Он сделал многозначительную паузу.
– Вы что, дебилы, что ли конченные? Где аплодисменты и крики восторга?! Вы вообще-то знаете, что такое электронный микроскоп?
– Мы ошарашены, мы восхищены, это просто чудо! Другими словами это не назовешь. Да, Сергей?
– Да! Ты озвучил мою мысль, Савелий. Лучше и не скажешь. Я в восхищении! А можно я покручу чего-нибудь, – Сергей приготовился было встать с дивана.
– Нет, категорически нет, не думайте даже об этом. Это слишком чувствительная вещь. Не для мужицких рук. Ну ладно уж, принимаю ваши неуклюжие извинения, экс-дебилы.
Тимофей слегка успокоился.
– С помощью этого зверя я продолжил исследования, но уже на более высоком уровне. Суть исследований, если вы помните, заключалась в определении адекватности термина – «живая клетка».
– Я сейчас уже всего не припомню, извини. Но ты так мельтешил со своими стеклышками с супом, доказывая, что он живой! Так импульсивно это обосновывая, что мозги дыбом вставали.
– Прекрати, Сергей, дай ему договорить.
– Так вот. Скажу короче. Одной фразой.
Тимофей перевел дух.
– Все мы с вами – зомби. Все, ныне живущие. Звери и люди!
Зависла зловещая тишина. Диван под Сергеем жалобно скрипнул.
– Ну! Я думал, будет серьёзный доклад, даже приготовился немного поспать, а тут сразу зомби и все. Я не согласен. Я доклада хочу. Основательного! – сказал Сергей, в глазах которого замелькали веселые искорки. Верный признак того, что его заинтересовала тема.
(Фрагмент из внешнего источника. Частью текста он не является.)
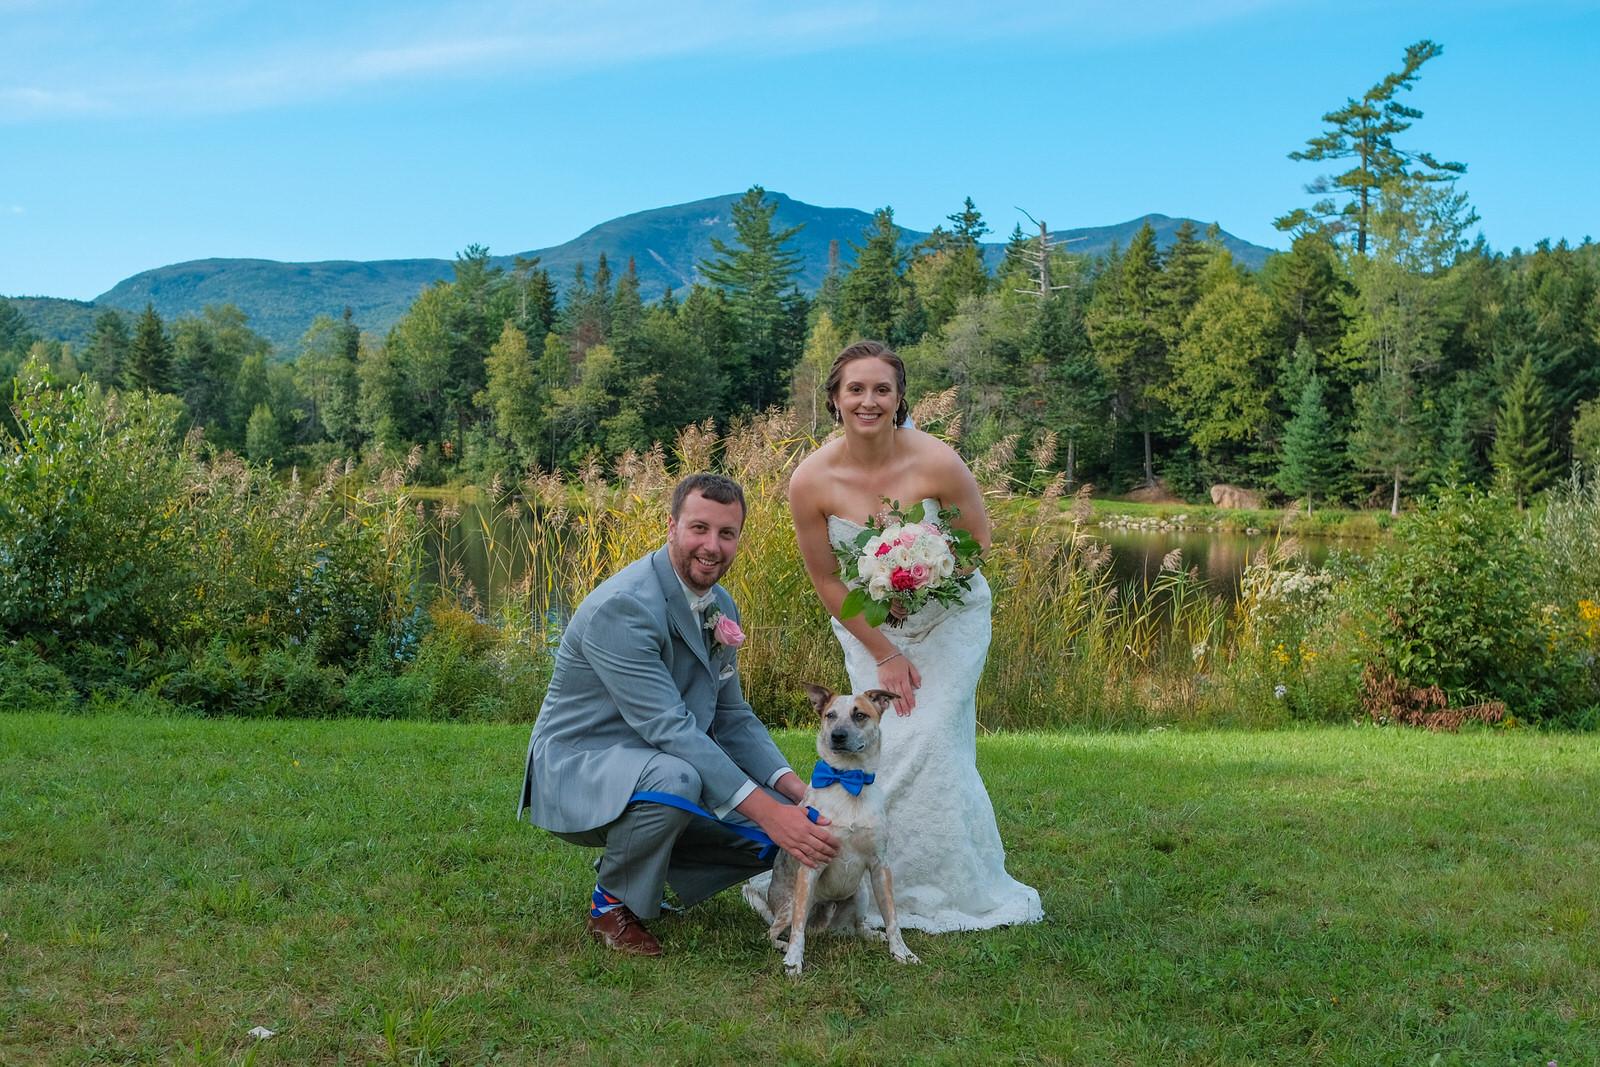 waterville-valley-wedding-photography-758.jpg

– Хорошо. Будет тебе доклад. Основательный, но не очень научный. Сам понимаешь, что если бы до этого дошло, то сейчас слушать его было бы некому. Или все в одночасье стали шизофрениками, укокошив друг друга. Или, что более вероятно, спились.
– Савелий! А ты-то что молчишь? Урезонь ученого!
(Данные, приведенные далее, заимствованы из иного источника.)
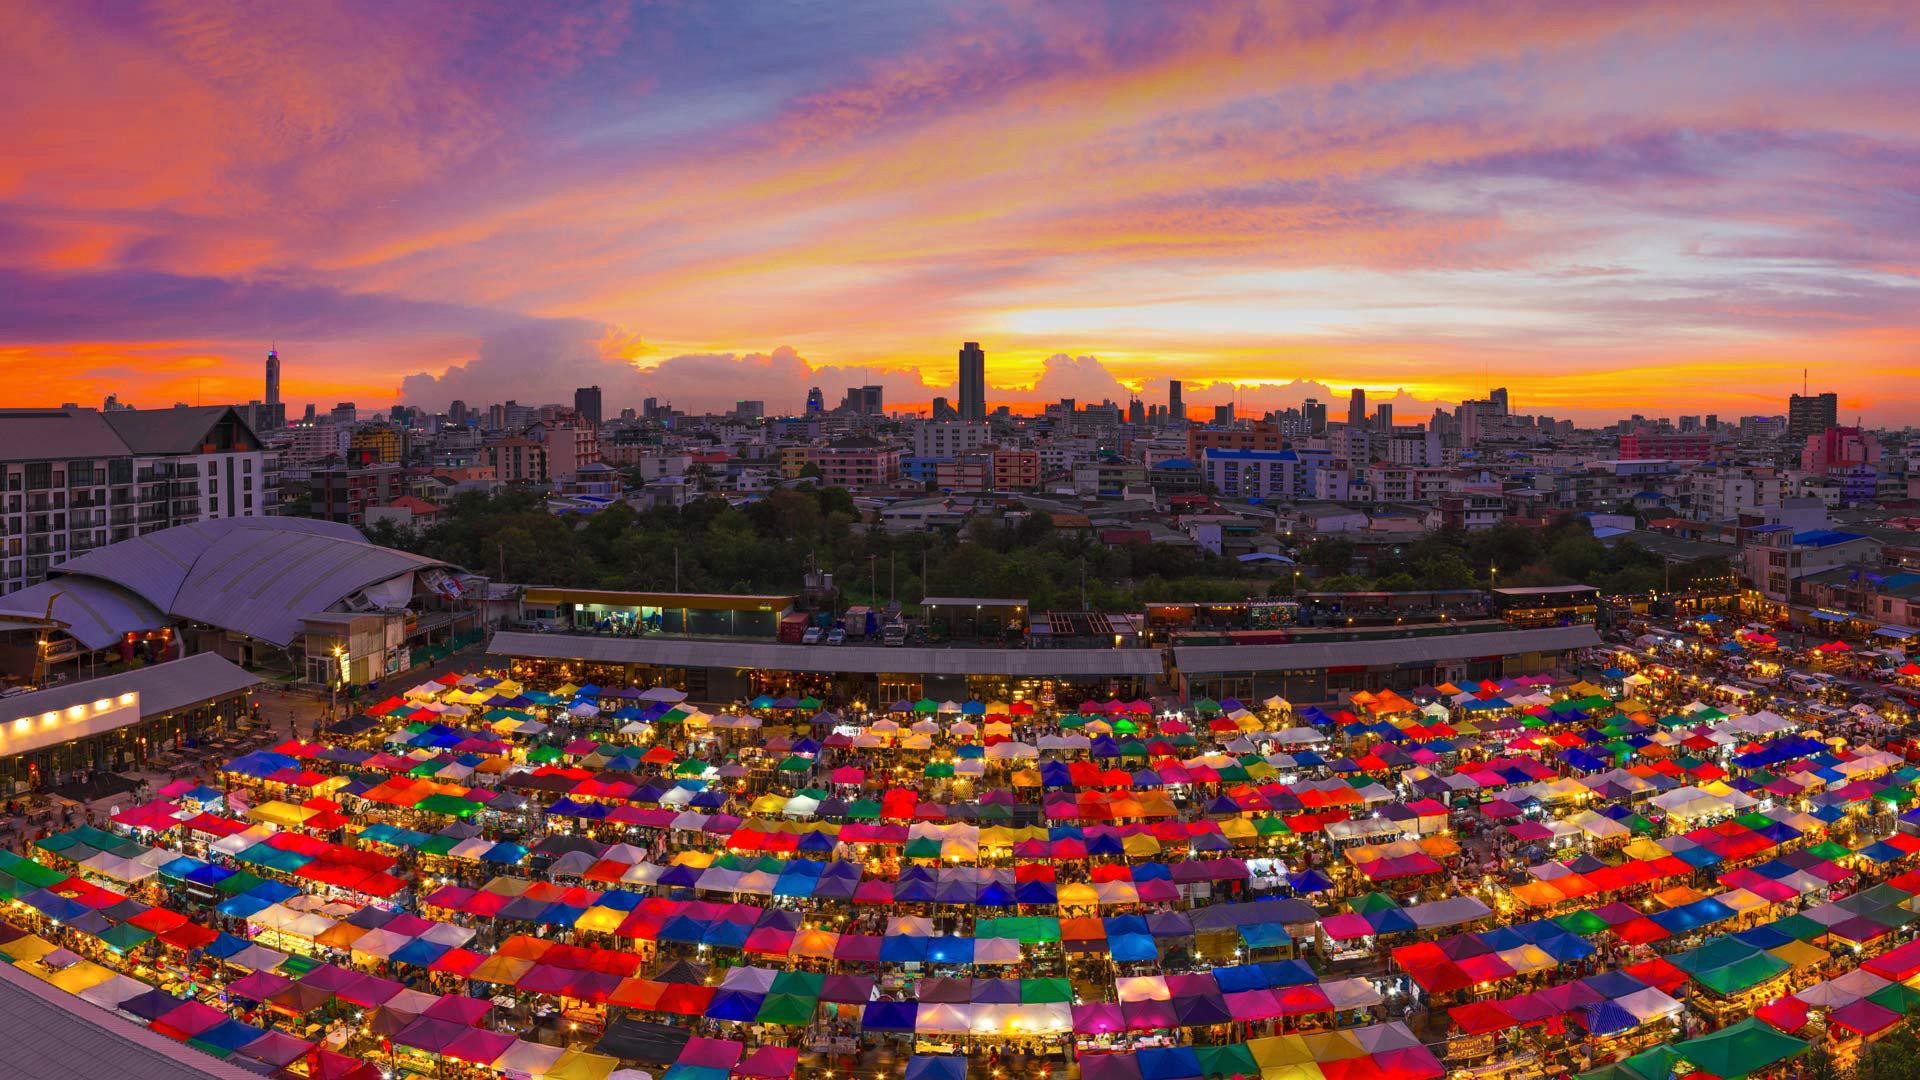 Free Bangkok High Quality Background Id 478003 For Hd 1080p Desktop

– Пусть говорит, Серега. Я о чем-то смутно начинаю догадываться.
– Хорошо. Но будь добр, Тимофей, придерживайся регламента. Вон, за окном уже шесть утра, а мы все вокруг да около. Зомби – это значит контроль. Я правильно формулирую?
– И да, и нет.
– Разъясни. Все! Обещаю! Мешать больше не буду. Клянусь памятью тещи.
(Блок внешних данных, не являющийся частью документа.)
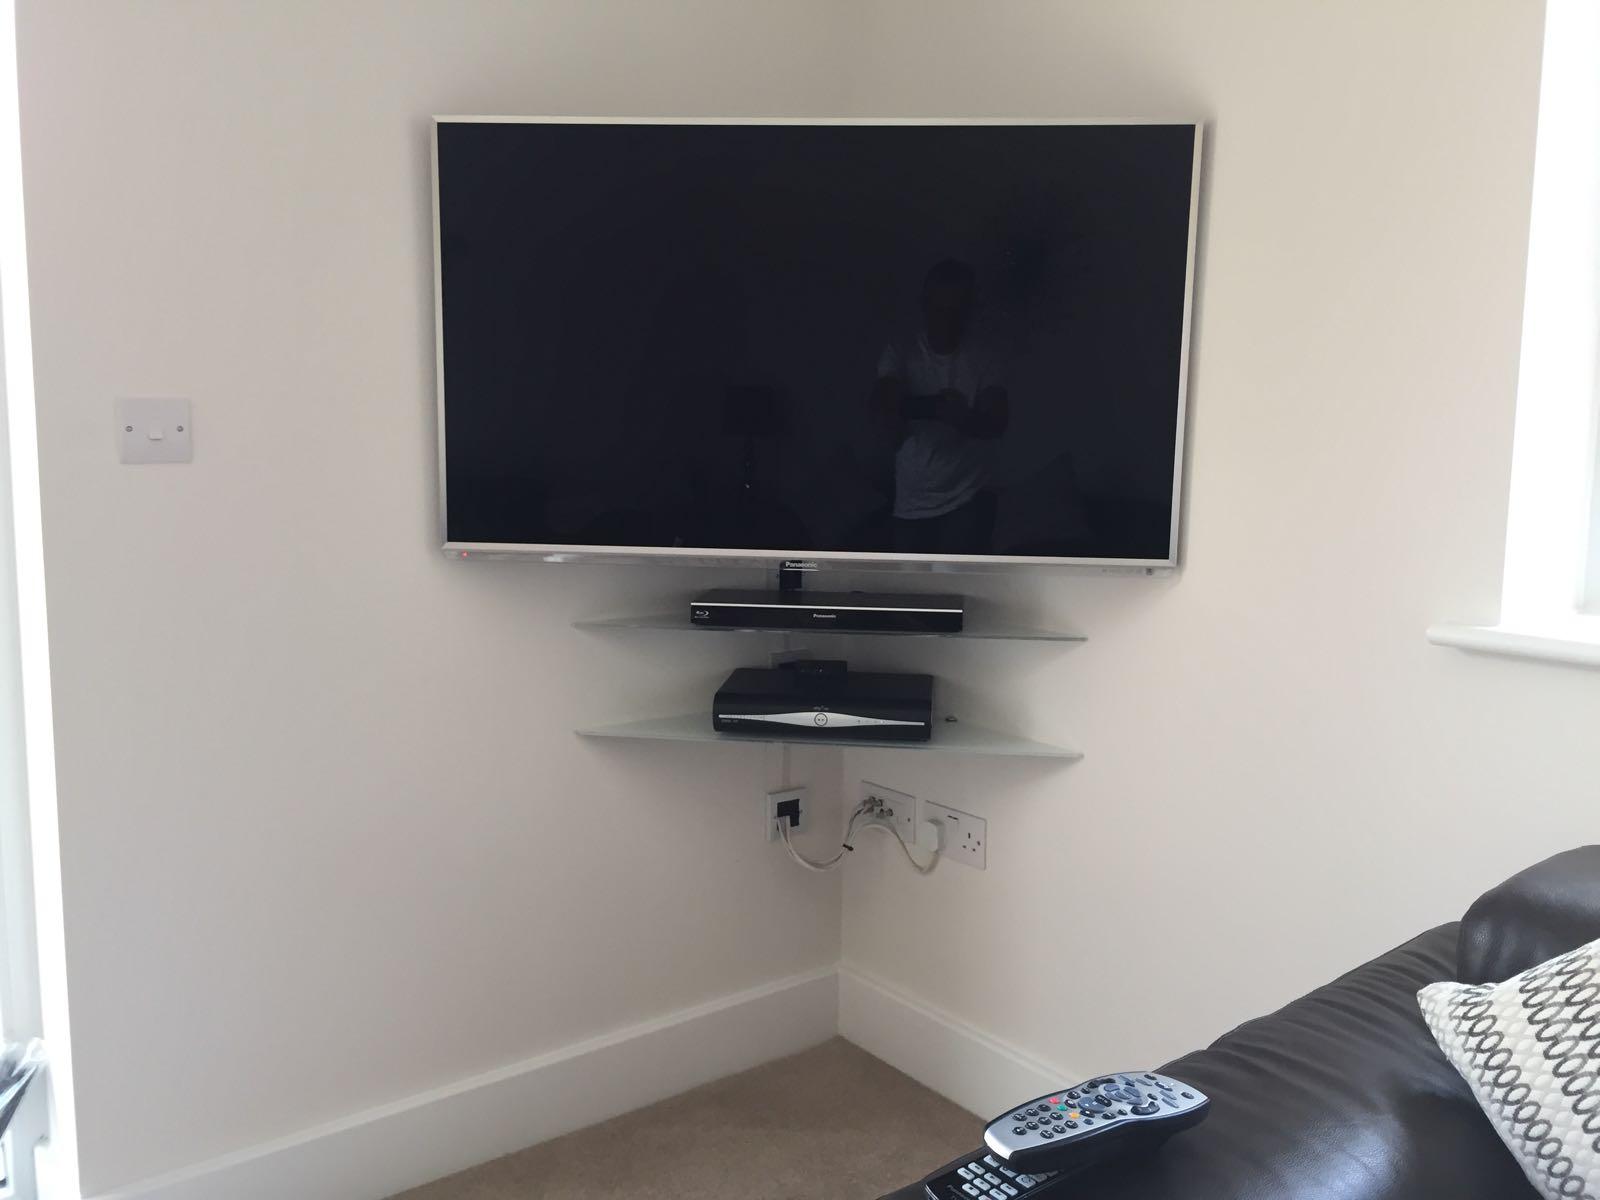 Panasonic TV and SKY Satellite Install in Brightlingsea Essex

– Хорошо. Представьте себе огромный океан. Это в прошлом наша с вами Земля. И на этой планете живут пока только несколько тысяч, ну пусть даже сотен тысяч маленьких беззащитных существ. Это – бактерии.
Он смешно сдвинул надбровные дуги как в раннем детстве, когда хотел сосредоточиться над решением сложного вопроса.
– Итак. В их жизни существовало две возможности: выжить или погибнуть. Другой альтернативы нет.
Но для того, чтобы выжить, необходимо было общаться с себе подобными с целью обмена и сохранения накопленной информации. А для того, чтобы общаться, следует, как минимум, перемещаться.
А если вас триллионы, но вы такие маленькие, что общение друг с другом может занять у вас годы? Что остается сделать для достижения цели? Правильно! Укрупняться.
Укрупняться самим для этих существ было невозможно. А быть может, они этого просто не хотели. Поэтому был избран иной путь. Их путь. И они принялись укрупнять окружающих, не теряя при этом своей сущности. Оставаясь всегда самими собой, но пока что в тени, работали, строго контролируя процесс. Начали биологическое строительство высокоорганизованных органических структур. Создавая для них все более изощренные схемы пищевых цепочек, кормя, охраняя и оберегая себя. Свою цивилизацию.